Plan big, think big, Lee-Chin tells NCU graduates
MANDEVILLE, Manchester – As an example of success in a challenging world, the Northern Caribbean University (NCU) could hardly have found a more suitable motivational speaker for its 2007 graduation ceremony than the Jamaican/Canadian billionaire, Michael Lee-Chin.
“Make no little plans, plan big, think big … aspiration is the real fuel for progress,” Lee-Chin, who was earlier conferred with the NCU’s Honorary Doctor of Laws degree, told the second commencement of a record 1,136-member graduation class at the university’s gymnatorium last Sunday.
Lee-Chin, chairman of the National Commercial Bank of Jamaica and its parent company AIC, one of the largest money management companies in Canada, told the NCU fraternity that “persistence and determination are prerequisites” for success.
He said the students should seek to build success on “an enduring value system based on openness, honesty, integrity, meritocracy, fairness, transparency and excellence”.
Sharing a story of how in 1999 he transformed a crisis into a “wonderful opportunity” by boldly buying shares when the experts expected him to be selling, and ended up making C$500 million in profits for his company and clients, Lee-Chin encouraged his listeners to take heed of the “Chinese definition” of crisis: “Crisis equals danger, plus opportunity.”
“When there is a crisis, most people focus on the first component but there is also the second component …,” he shared, adding that “progress requires calculated risks and bold moves …”
The 56-year-old Lee-Chin studied civil engineering in Canada in the early 1970s with the help of a Jamaican Government grant before he gained sensational success in the financial services.
On Sunday, he argued that “there is a fine line between success and failure”.
“That line is defined by your attitude,” he told the graduates.
He lauded the advantages of a stable, healthy upbringing. That reality dawned on him in 2002 as he prepared to sign the cheque that gave his AIC control of the National Commercial Bank, he said.
Then, he asked himself, “How is it possible for the son of two clerks to buy the National Commercial Bank …?”
He said it was possible because he was “blessed” to have been born “in a country that nurtured my confidence (and) blessed to be born to parents who set standards, who led by example, showed consistency of behaviour, who were transparent”.
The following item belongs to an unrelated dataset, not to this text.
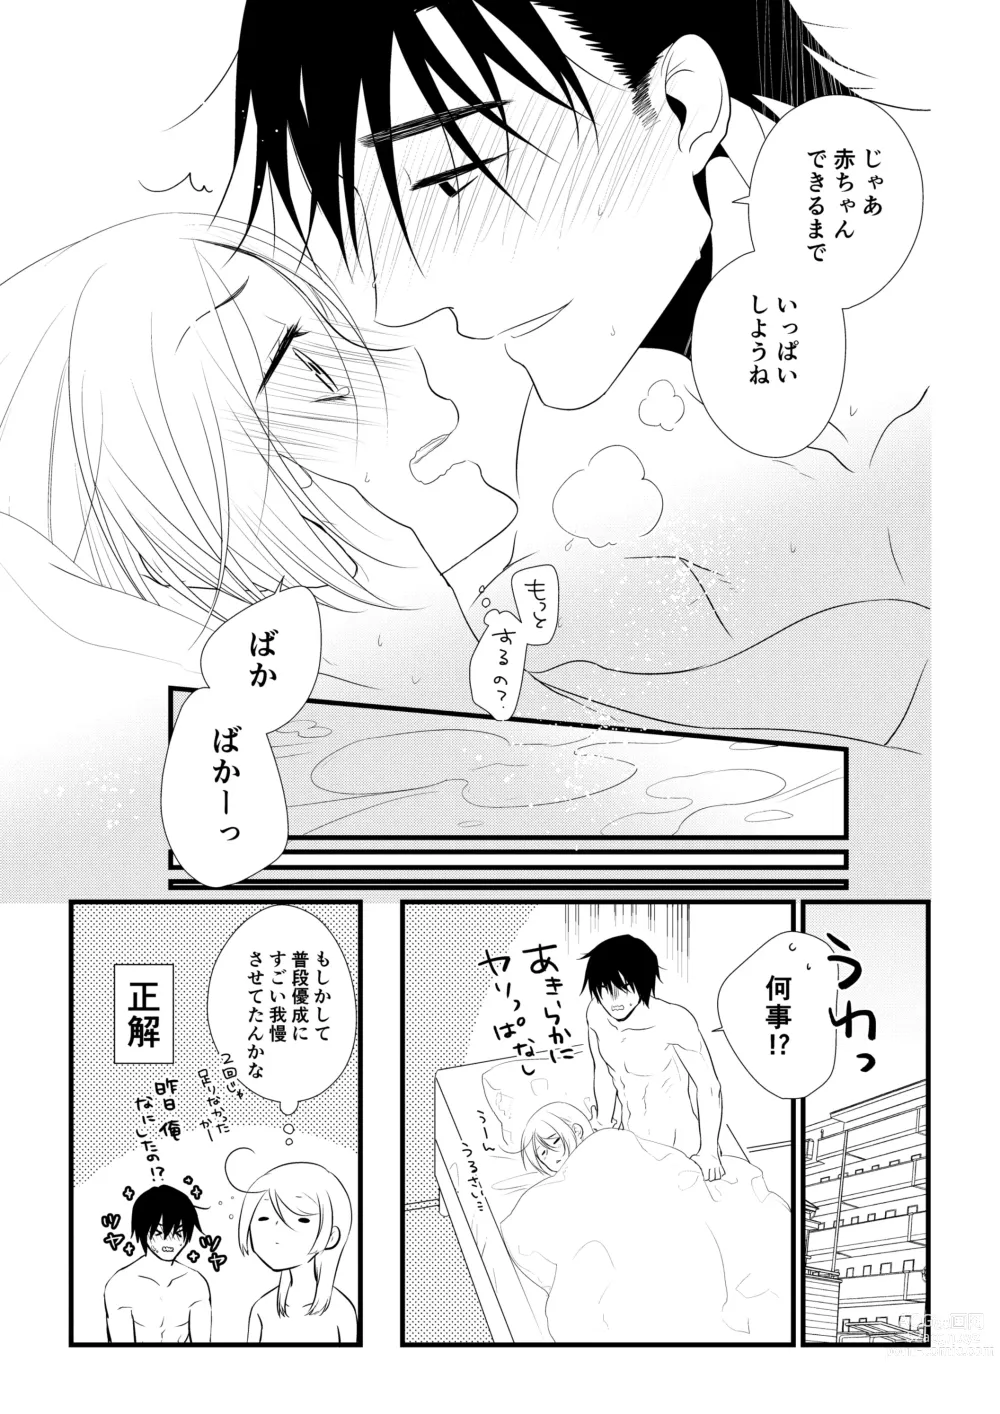 Page 132 of doujinshi Itsuki to Yuusei

By extension, Lee-Chin – who has invested J$155 million in the building of a nursing school, the Hyacinth Chen School of Nursing (named after his mother) at NCU – said it was incumbent on those who are “blessed” to help others not so blessed.
His parting shot to the students were the words of National Hero Marcus Garvey: “What you do and what you say, form part of the influence you are able to wield, a man who is to lead and a woman who is to be a leader must be clean in thoughts and clean in actions.”
Lee-Chin apart, honorary degrees were also conferred by the Seventh day Adventist-run NCU on retired oral surgeon, Dr Byron Robinson, and his wife Dorothea Robinson, a nurse. Businessman Everard Daley was honoured as the NCU’s 2007 Product Sample.